John waved his thick forearm in the monitor. An army-green T-shirt clung tightly to his bulging biceps. “Hey buddy what’s up?” he said in a forceful baritone voice.

“Hey John, how are you doing?”

“I can’t hear you, man. Speak up.” John put an open palm behind his ear and leaned forward.

“I said, how are you doing?”

John shook his head. “Still can’t hear you.”

Andrew took a deep breath and screamed into the laptop. “I said, how are you doing?”

John clapped his hands. “Right! That’s how a man speaks. I’m doing good buddy. Just did seventy push-ups and now I’m going to go to Stephen College to give a seminar on how to be tough. So tell me, buddy, how was your day?”

“It was terrible,” replied Andrew. “I ordered a mattress at a local shop and it arrived yesterday but the mattress is defective. It has already gone soft in the middle.”

“I hear you, man. So what are you going to do about it?”

“I called the shop owner in the morning and he said he’d come by to check the mattress in the evening.

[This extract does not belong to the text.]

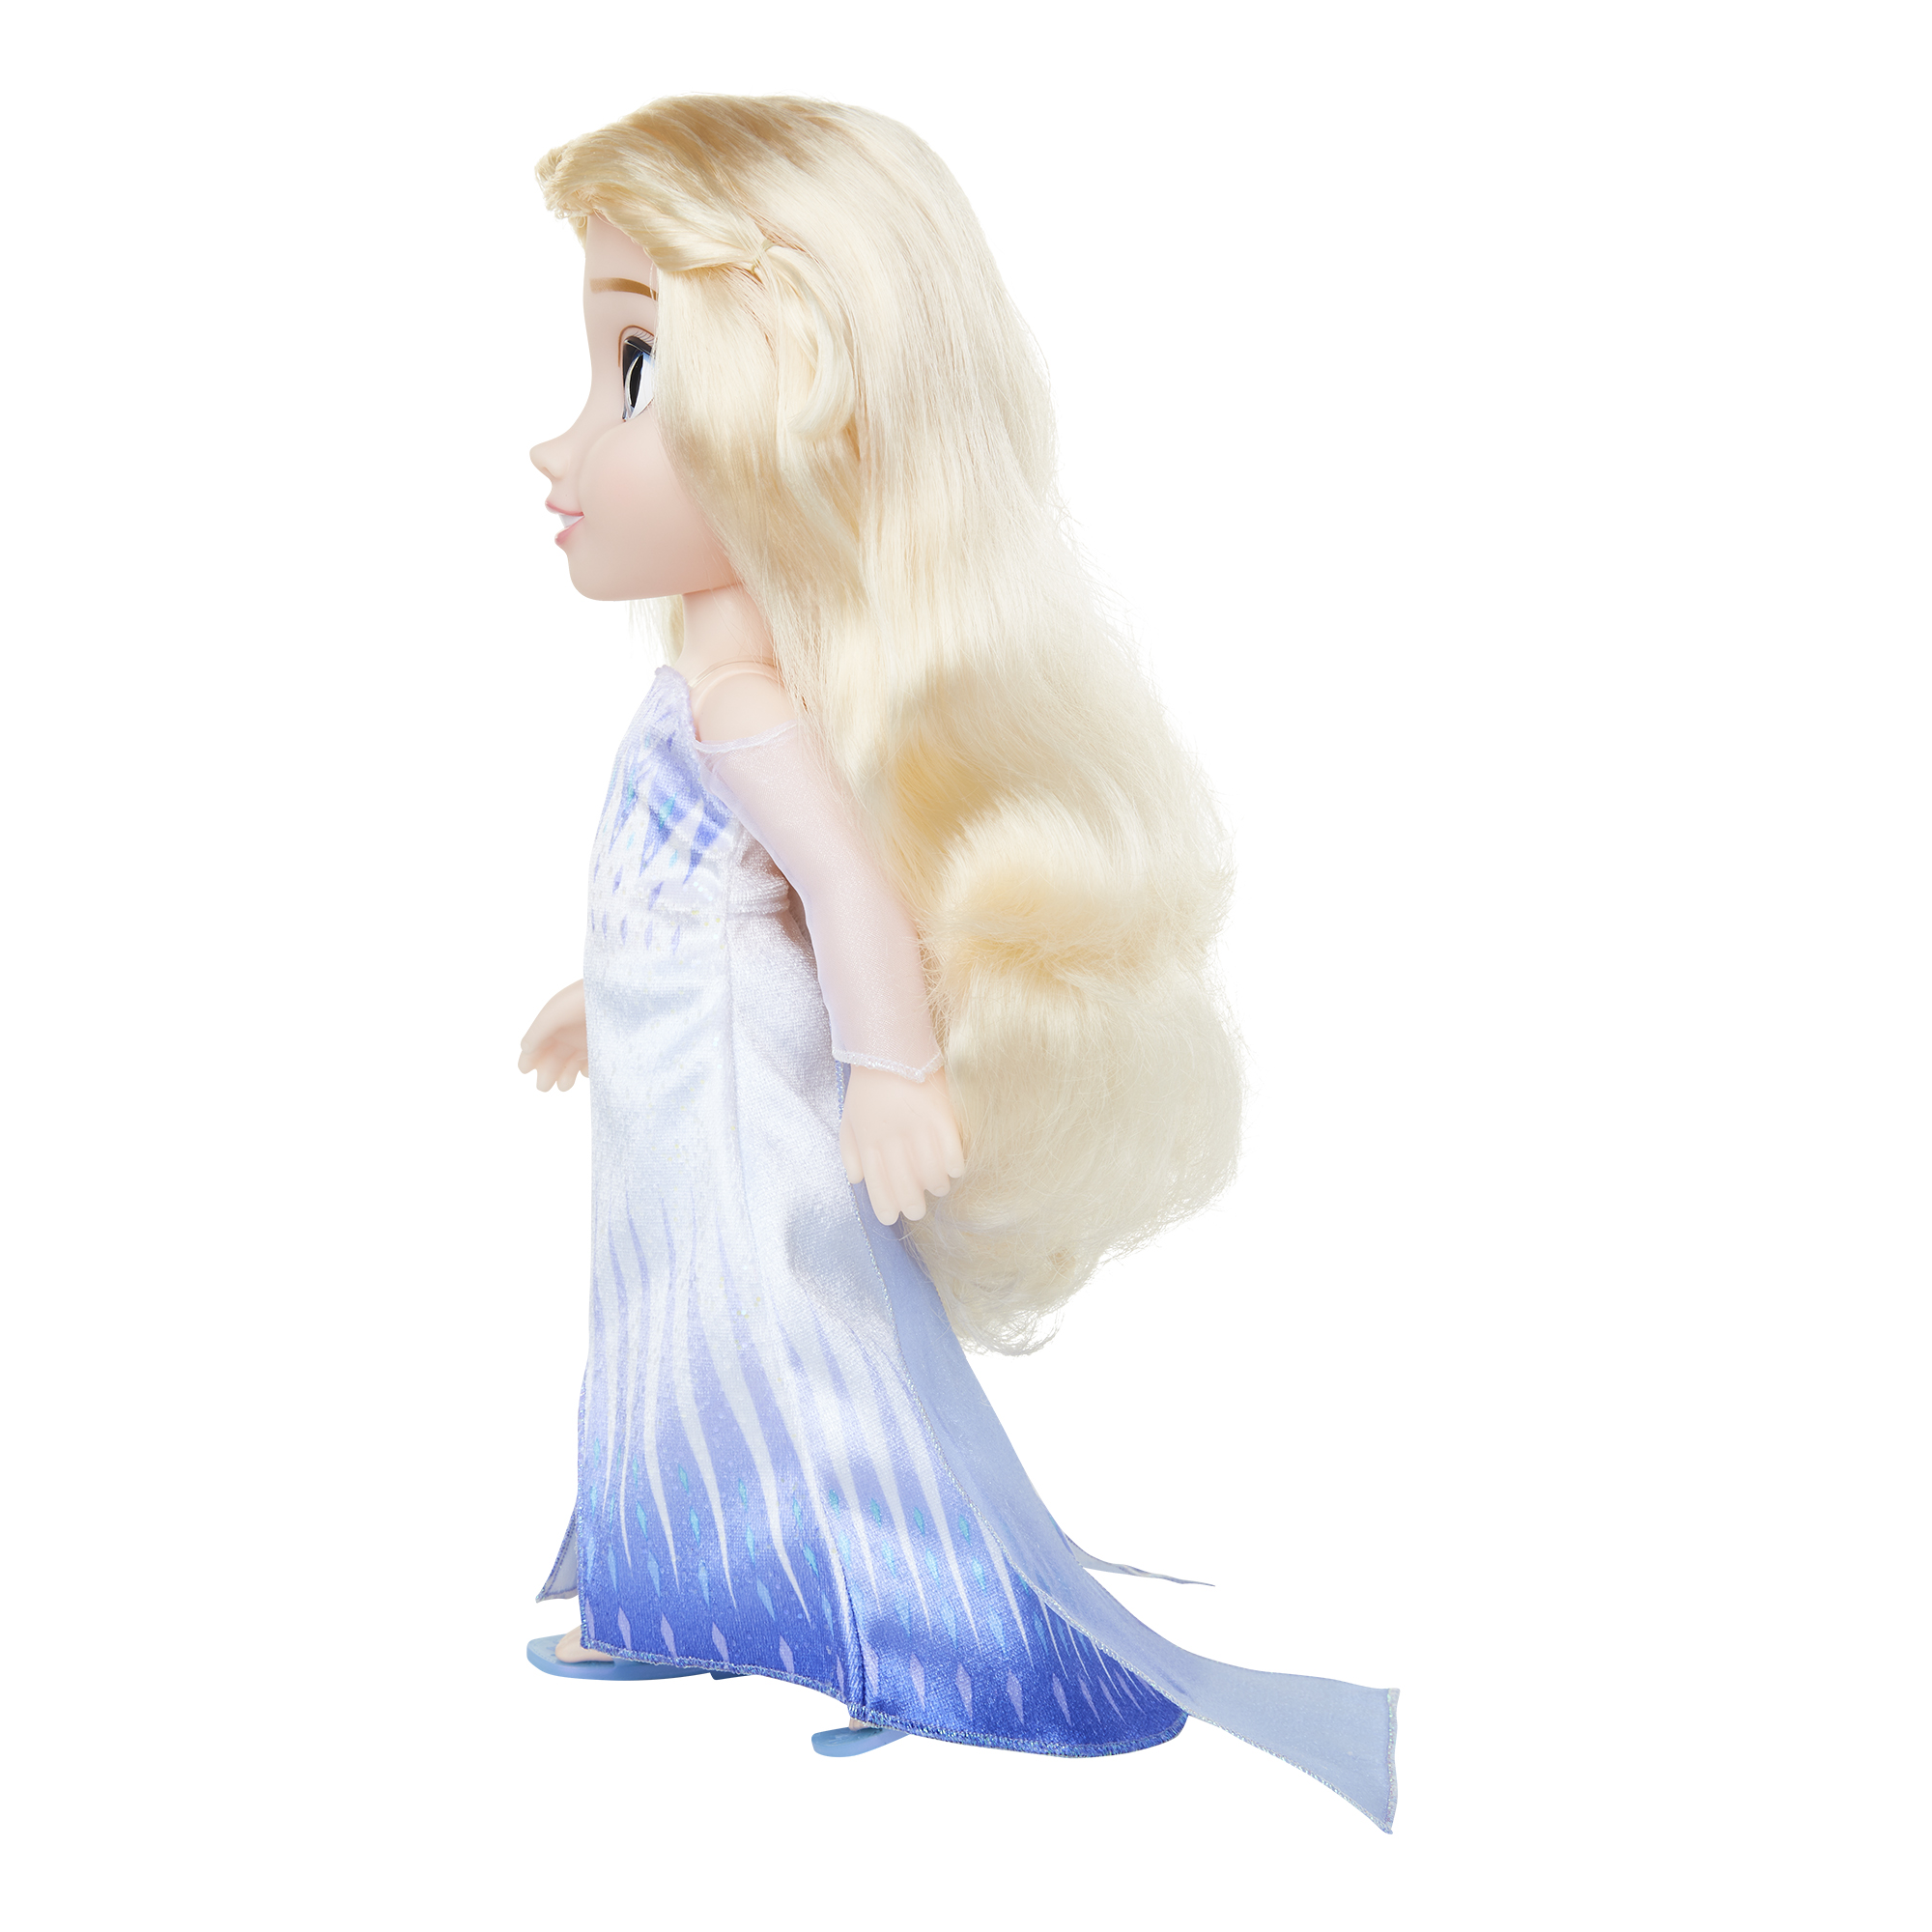 Disney Frozen 2 Elsa the Snow Queen 14" Doll - image 5 of 11

But he didn’t come. I went to the shop to personally ask him to come. He was busy on his mobile and said he’ll come after two days.”

“What did you say then?”

“I asked him to make sure to come after two days.”

John shook his head. “You don’t have to ask him, you have to command him. You’re the one who has paid him for the mattress. You’re his boss. You pay his salary. You have to speak up and just blast him.”

Sitting on his bed, Andrew grabbed a pillow. “I just got scared. I don’t know, I just wanted to get out of there.”